## [What you have to do]
Here is a listing. Write it all out again exactly, but not its pictures.

## [Source data]
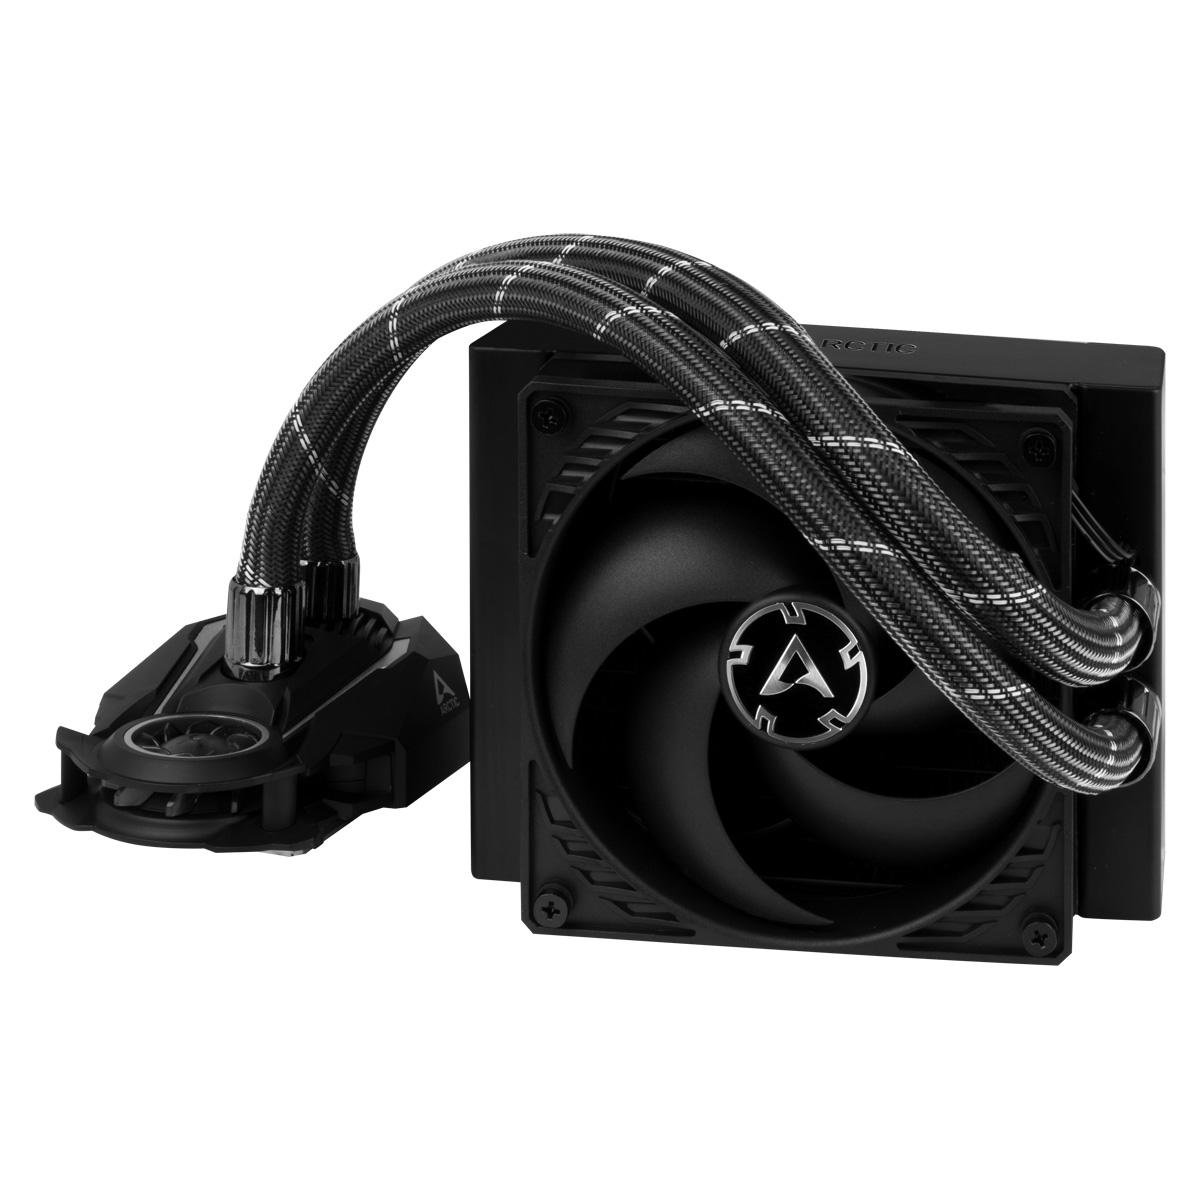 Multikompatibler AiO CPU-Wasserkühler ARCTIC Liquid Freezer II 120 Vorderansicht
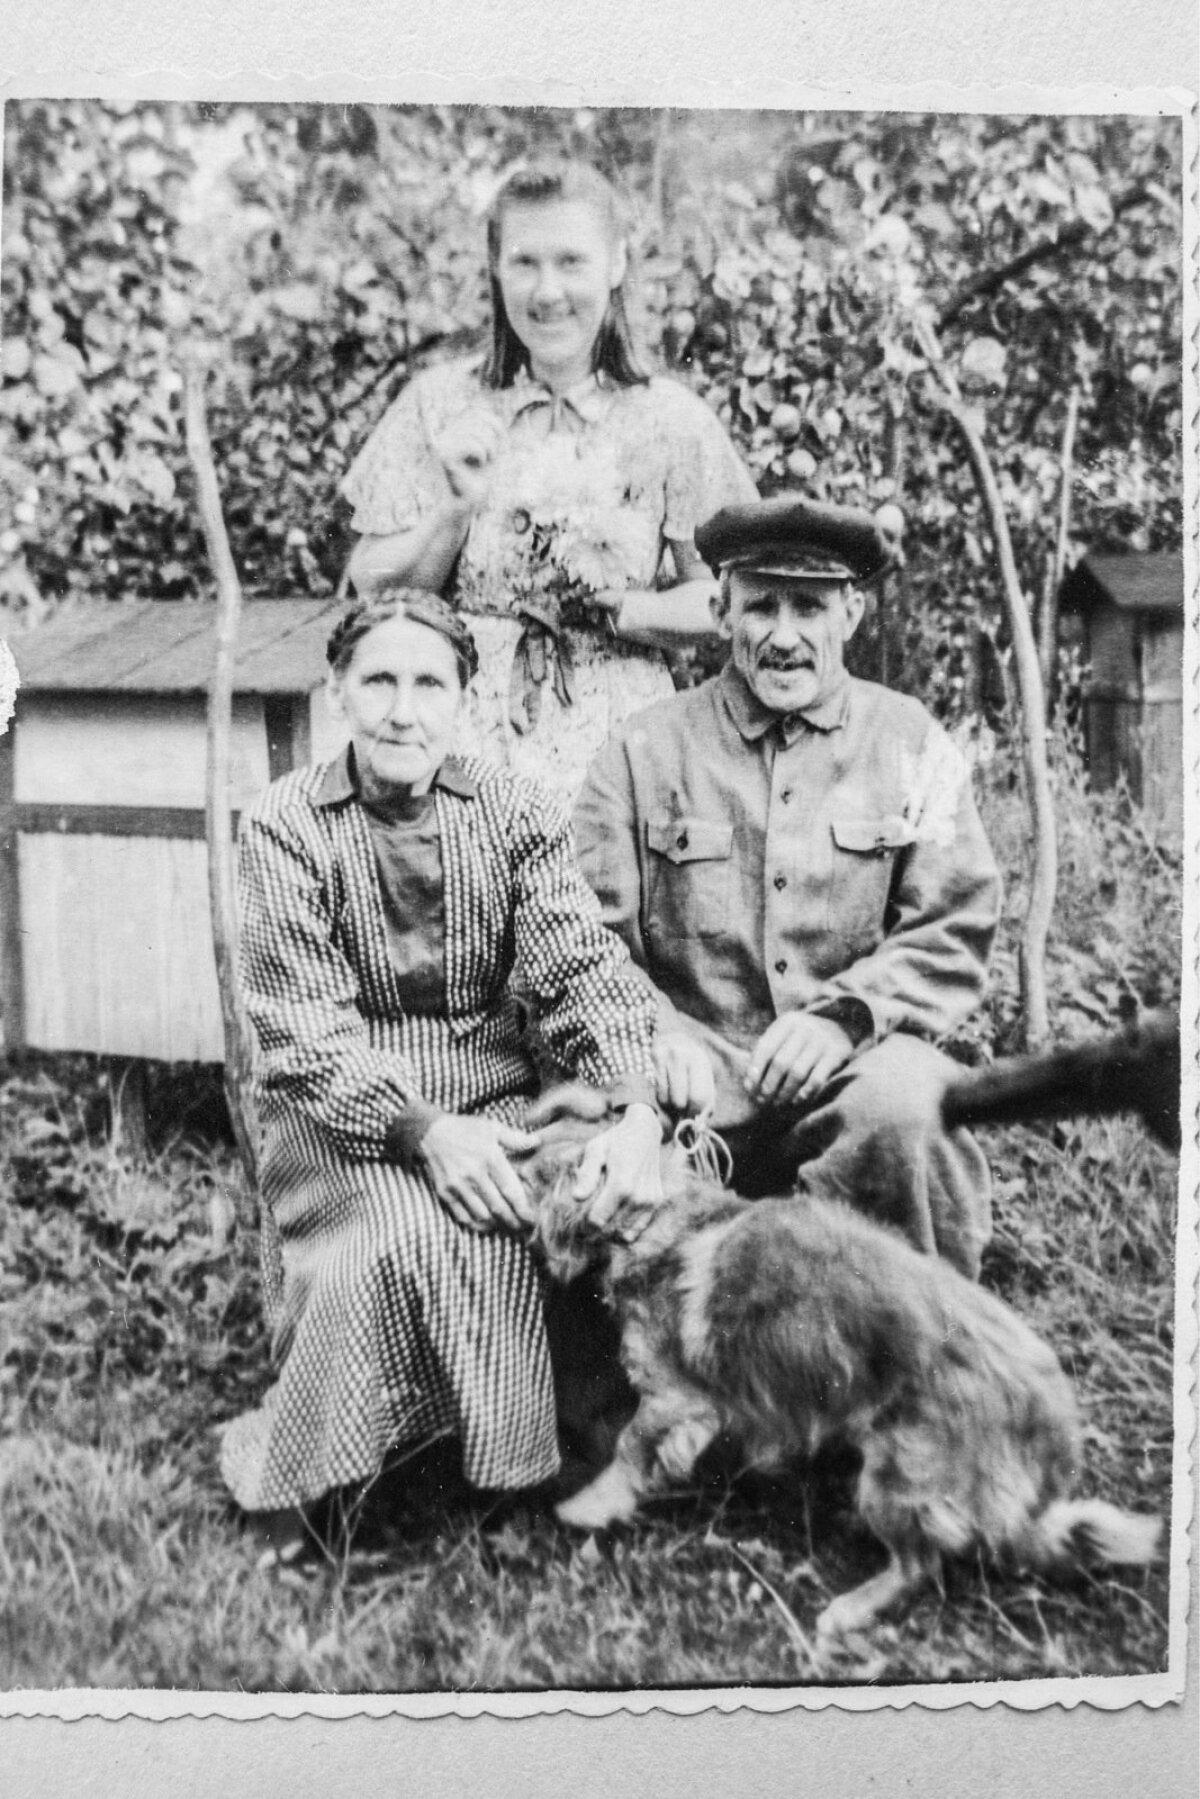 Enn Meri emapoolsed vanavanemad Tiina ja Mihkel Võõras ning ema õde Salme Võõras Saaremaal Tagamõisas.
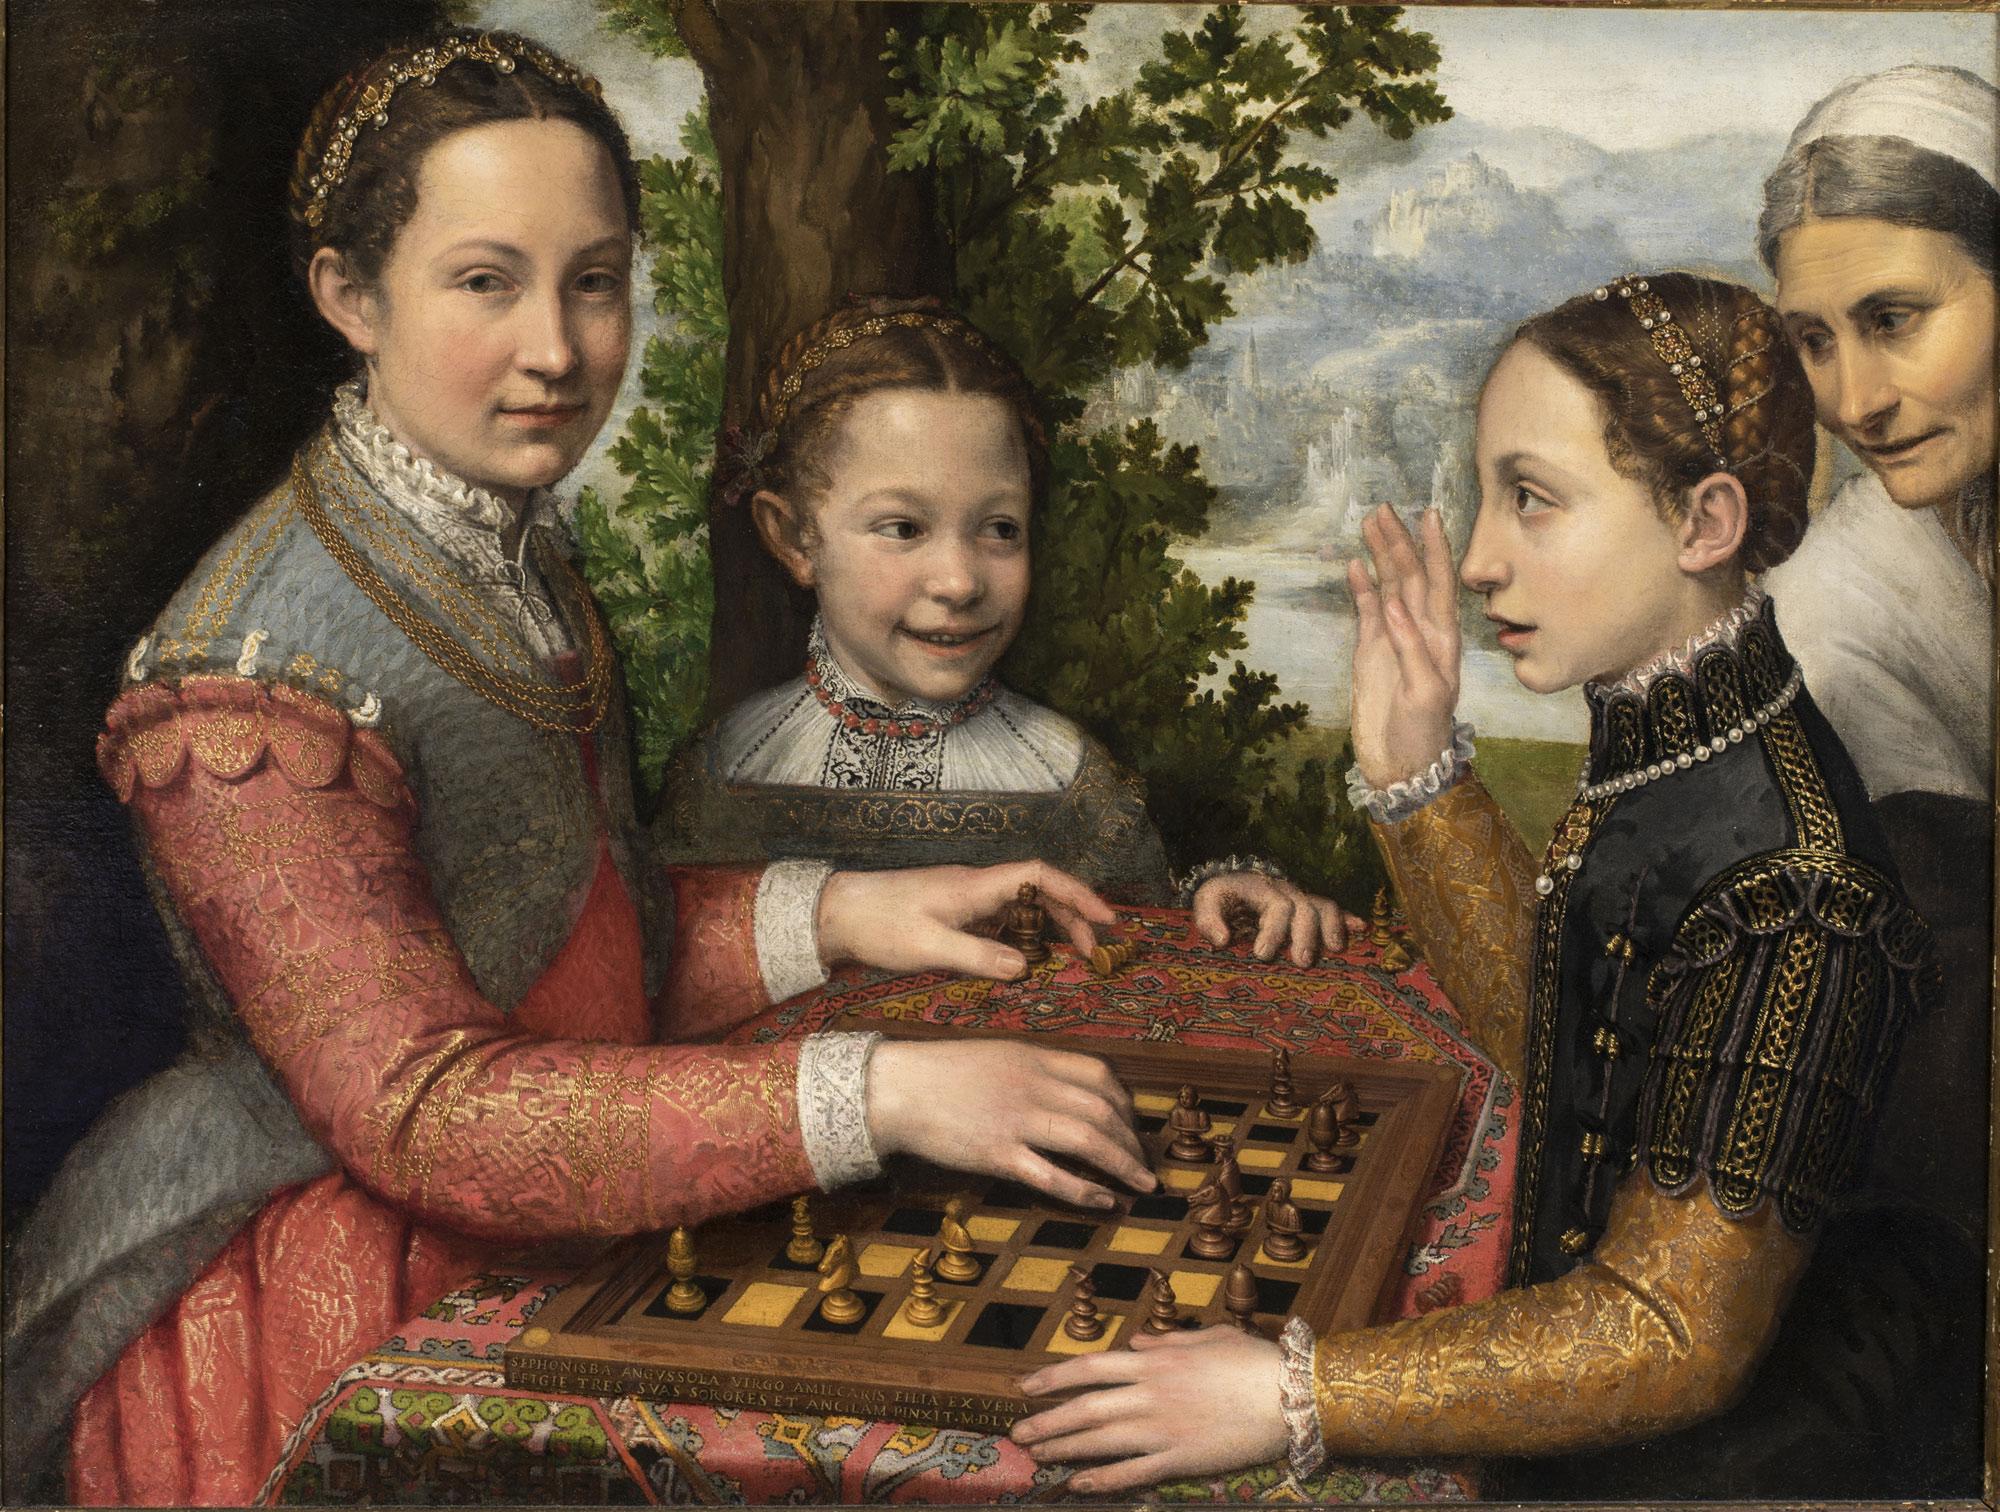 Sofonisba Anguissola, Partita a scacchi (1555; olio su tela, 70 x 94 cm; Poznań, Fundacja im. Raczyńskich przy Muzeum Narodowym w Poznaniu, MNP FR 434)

## [Written response]
 Multikompatibler AiO CPU-Wasserkühler ARCTIC Liquid Freezer II 120 Vorderansicht
 Enn Meri emapoolsed vanavanemad Tiina ja Mihkel Võõras ning ema õde Salme Võõras Saaremaal Tagamõisas.
 Sofonisba Anguissola, Partita a scacchi (1555; olio su tela, 70 x 94 cm; Poznań, Fundacja im. Raczyńskich przy Muzeum Narodowym w Poznaniu, MNP FR 434)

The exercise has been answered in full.